Since the early 1960s a great deal of excellent scholarly work has emerged on Appalachia. Much of that work is the product of a conscious effort by younger scholars- a number of them represented in this volume- to correct unfounded misconceptions that had long flourished not only in popular forums but in scholarly works as well.  Following Thomas Ford’s The Southern Appalachian Region: A Survey 1962 and eastern Kentucky lawyer Henry Caudill’s Night Comes to the Cumberlands in 1963, a steady stream of books challenged received accounts of the region’s history and culture.
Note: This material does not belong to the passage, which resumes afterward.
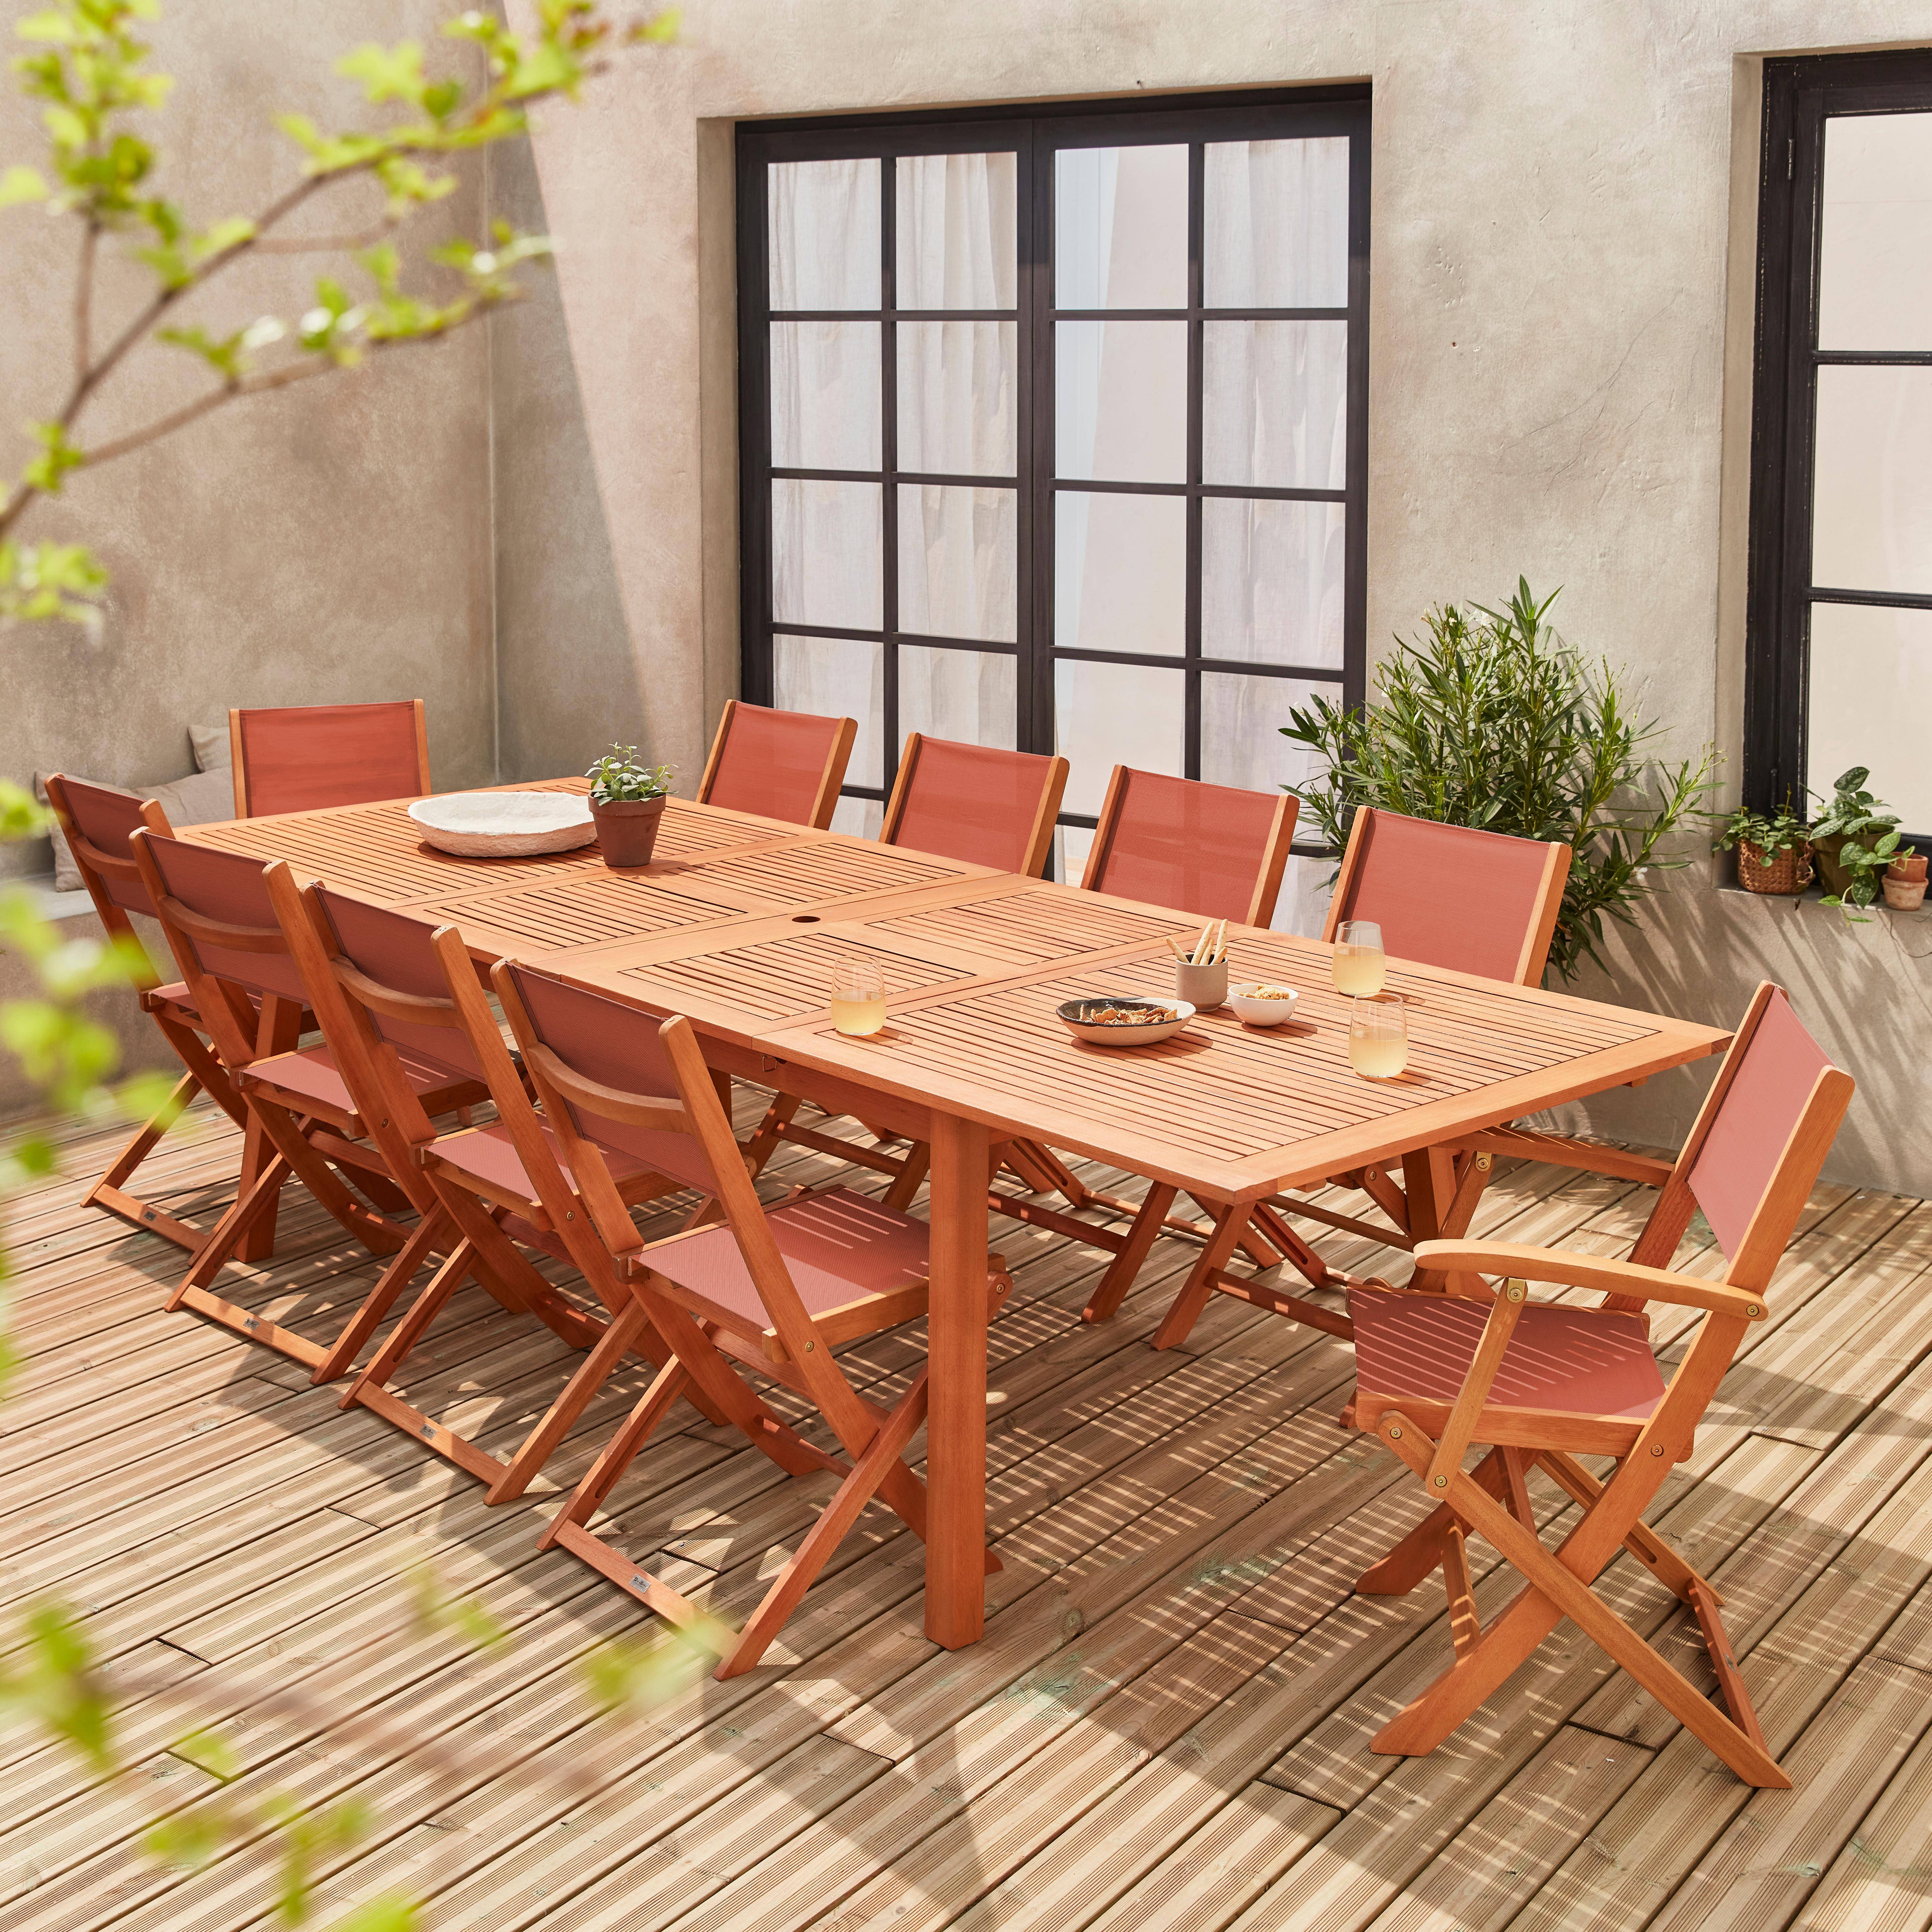 Ausziehbare Gartenmöbel aus Holz - Almeria Tisch 200/250/300cm mit 2 Verlängerungen, 2 Sesseln und 8 Stühlen, aus geöltem FSC Eukalyptusholz und Terra-Cotta Textilene Photo1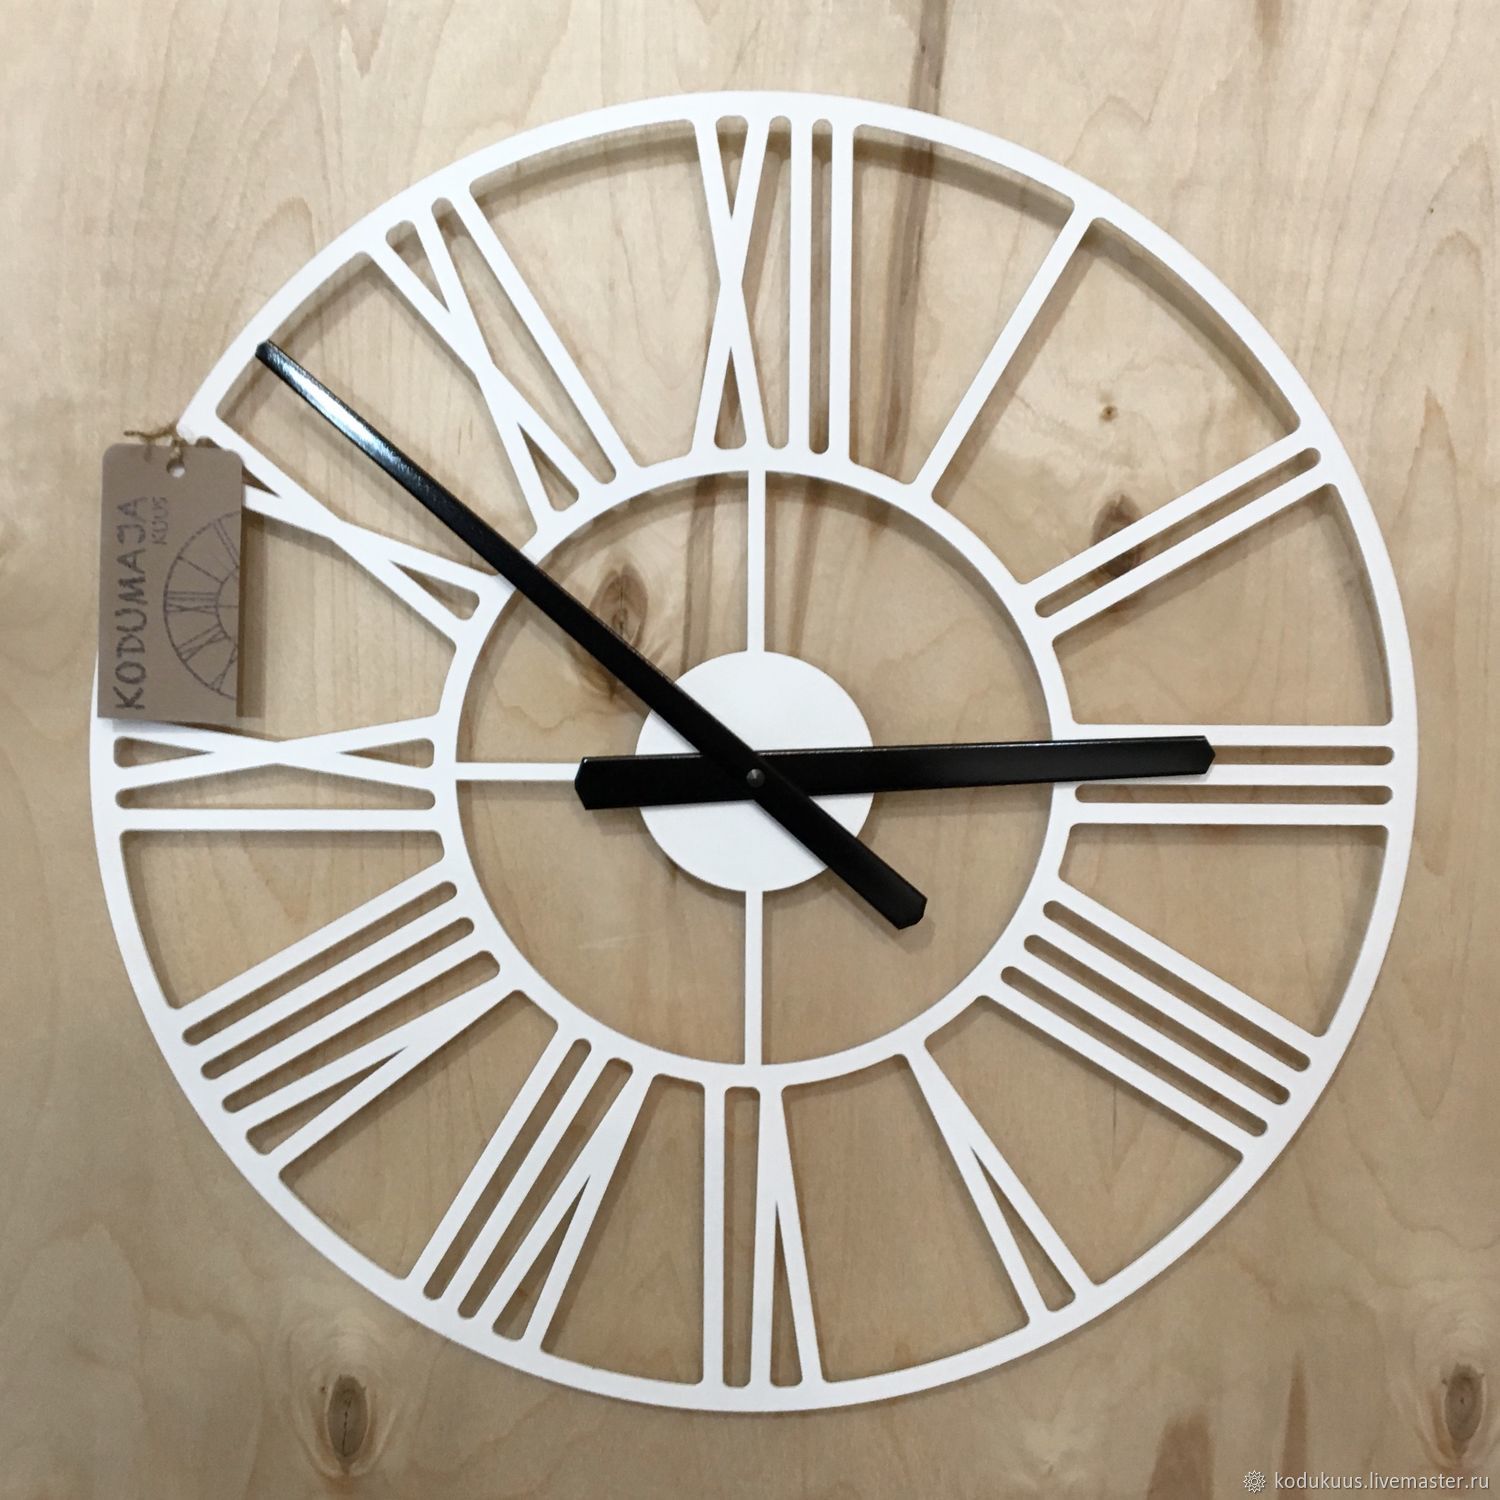 Часы настенные 60 см. Часы настенные Black Metal Clock (40x40 см) 1285860. Часы настенные Олд Норд 45 см. Часы настенные классические. Часы настенные 45см.

Much of this scholarship has focused on the coalfields, however, to the exclusion of the majority of the region (which has no coal), and relatively little of it has treated the nineteenth century. Appalachia in the Making remedies much of the latter deficiency, and to a lesser extent it rebalances the overemphasis on the coalfields.Be advised, however, that the “mountain South” treated here consists for the most part of a four state area: Kentucky, North Carolina, Virginia, and West Virginia. Except to varying degrees in a few of the essays, there is nothing on the mountain or coal-bearing portions of another half dozen states (Georgia, Maryland, Ohio, South Carolina, Pennsylvania, and Tennessee) that have long been included in most definitions of Appalachia, or on several others (Alabama, Mississippi, New York) that were pork-barreled into the region during the 1960s. A number of the essays recapitulate their authors’ earlier monographs, but that is not necessarily bad. Read in close sequence with each other, the essays gain force and precision, and taken together they provide a tight synthesis for any student or scholar who has not followed these issues during the past several decades.